The AAVs also demonstrateThe new AAVs have shown a significant increase in accumulation in brain tissue compared to AAV9, which is currently used in FDA-approved therapy for spinal muscular atrophy in infants but is not very effective in delivering cargo to the adult brain. The new AAVs were able to reach up to 71 percent of neurons and 92 percent of astrocytes in various areas of the brain.

In a study led by research scientist Jason Wu, Deverman’s team also utilized the AAVs to introduce healthy copies of the human GBA1 gene, which is mutated in several neurological conditions. The new AAVs delivered 30 times more copies of the GBA1 gene than AAV9 in mice and were distributed throughout the brain.
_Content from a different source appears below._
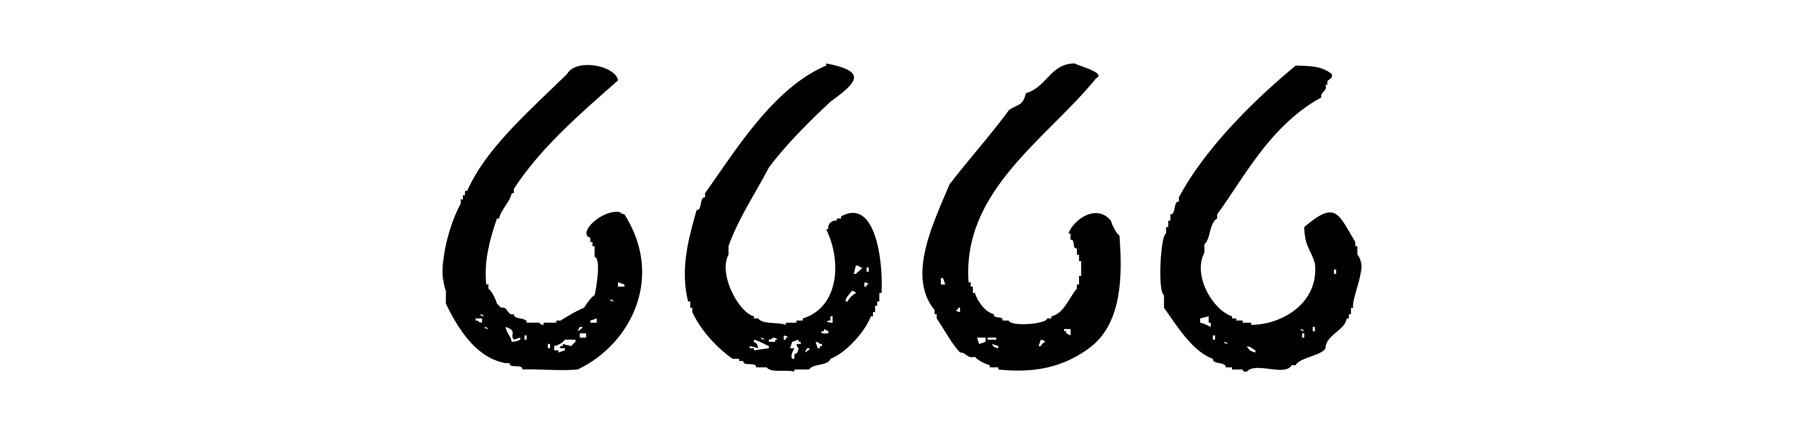 6666 Logo
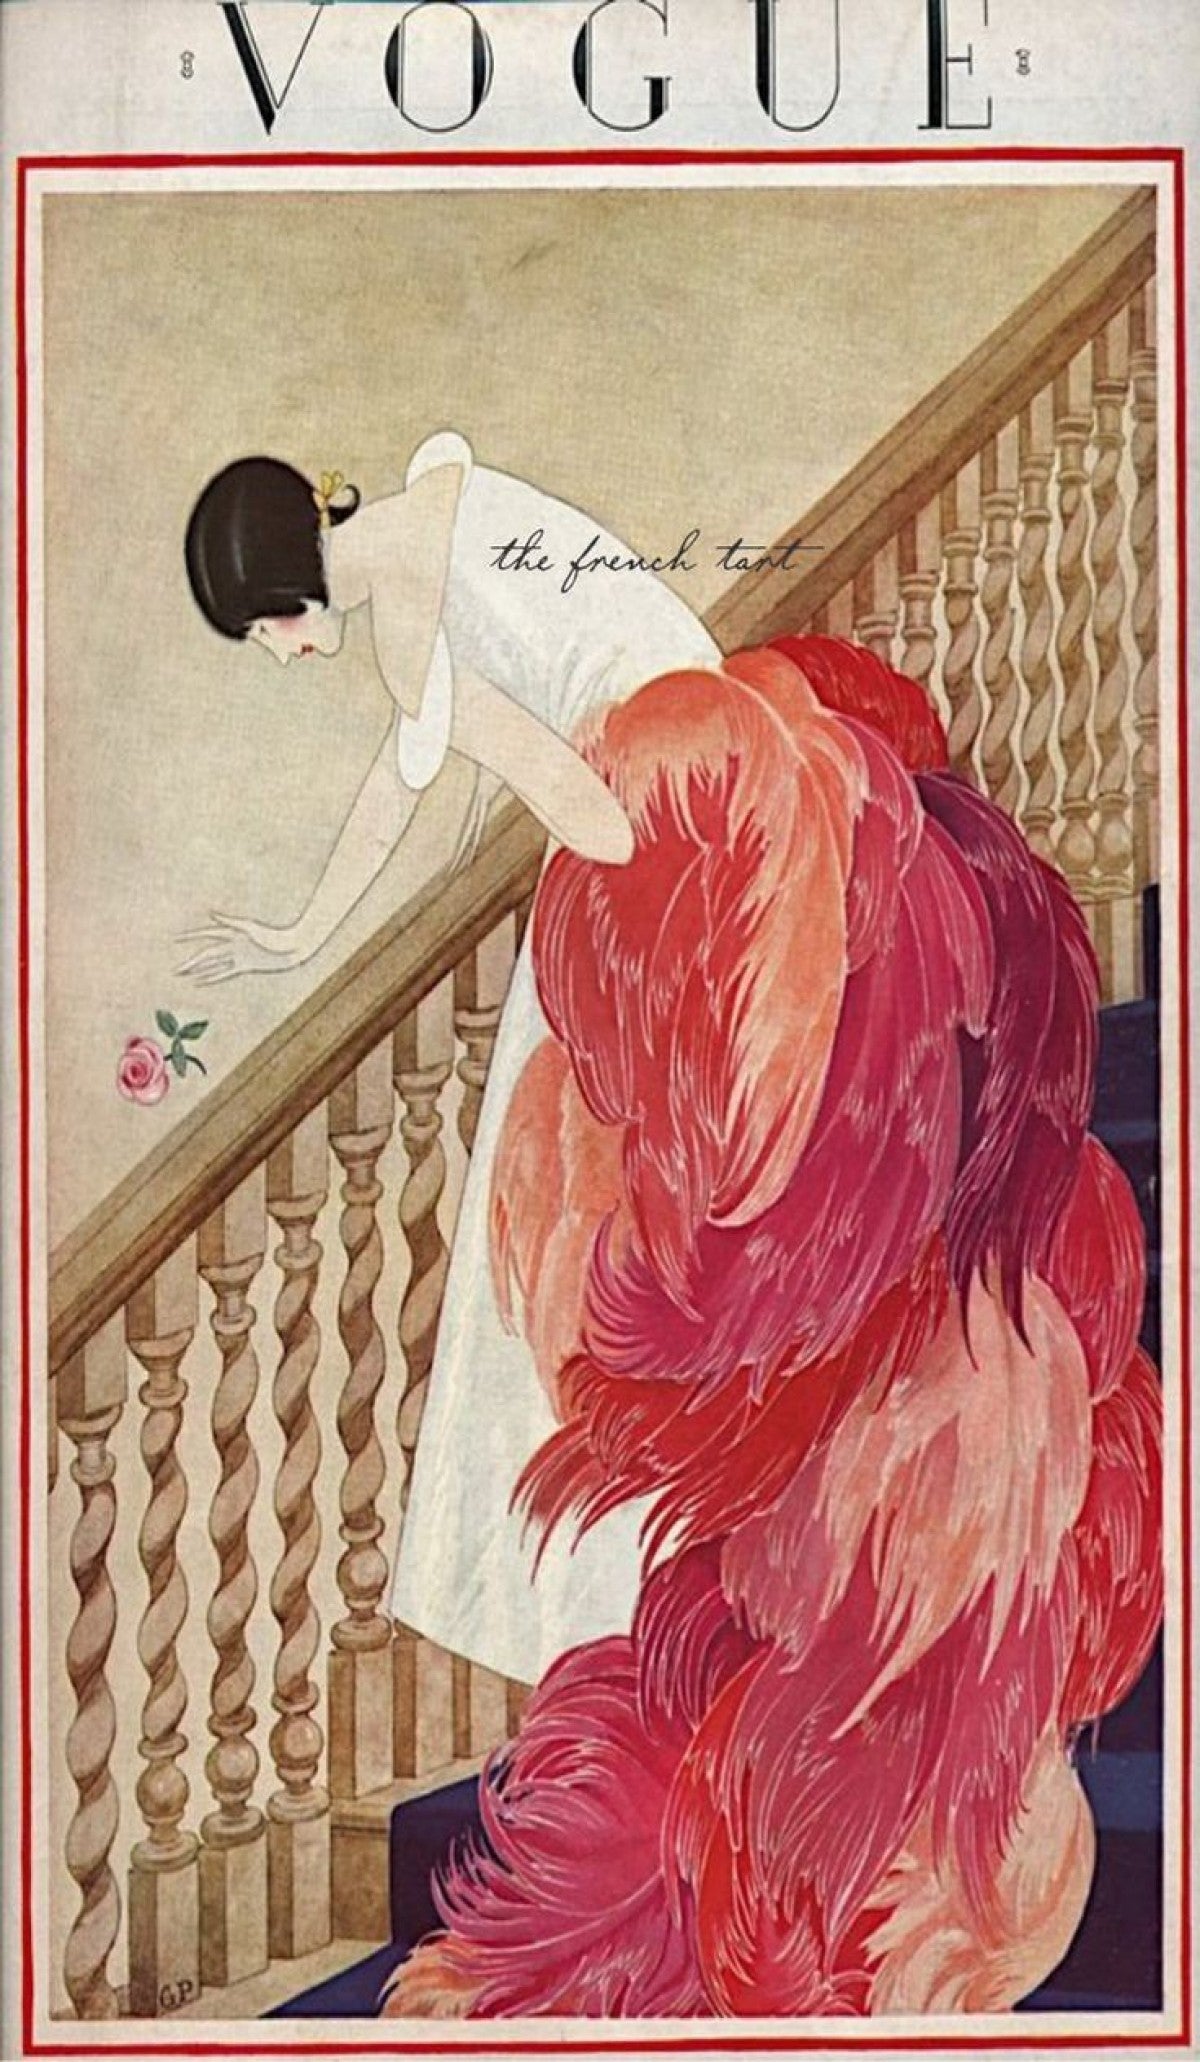 A VINTAGE VOGUE MAGAZINE COVER OF A WOMAN

The team stated that the new AAVs are well-suited for gene therapy because they target a human protein and have similar production and purification yields as AAV9 using scalable manufacturing methods. Apertura Gene Therapy, a biotech company co-founded by Deverman, is already working on developing new therapies using the AAVs to target the central nervous system.

With further development, the researchers believe it is possible to enhance the gene-delivery efficiency of their AAVs to the central nervous system, reduce their accumulation in the liver, and prevent inactivation by antibodies in some patients.

Sonia Vallabh and Eric Minikel, two researchers, are also involved in this project.The researchers at the Broad Institute who are working on treatments for prion disease are enthusiastic about the potential of AAVs to deliver brain therapies for humans.

“Gene therapy for a complex brain disease like prion disease requires widespread delivery and distribution in order to be effective,” explained Minikel. “Naturally occurring AAVs are not sufficient for this purpose. This custom-engineered capsid opens up a range of possibilities.”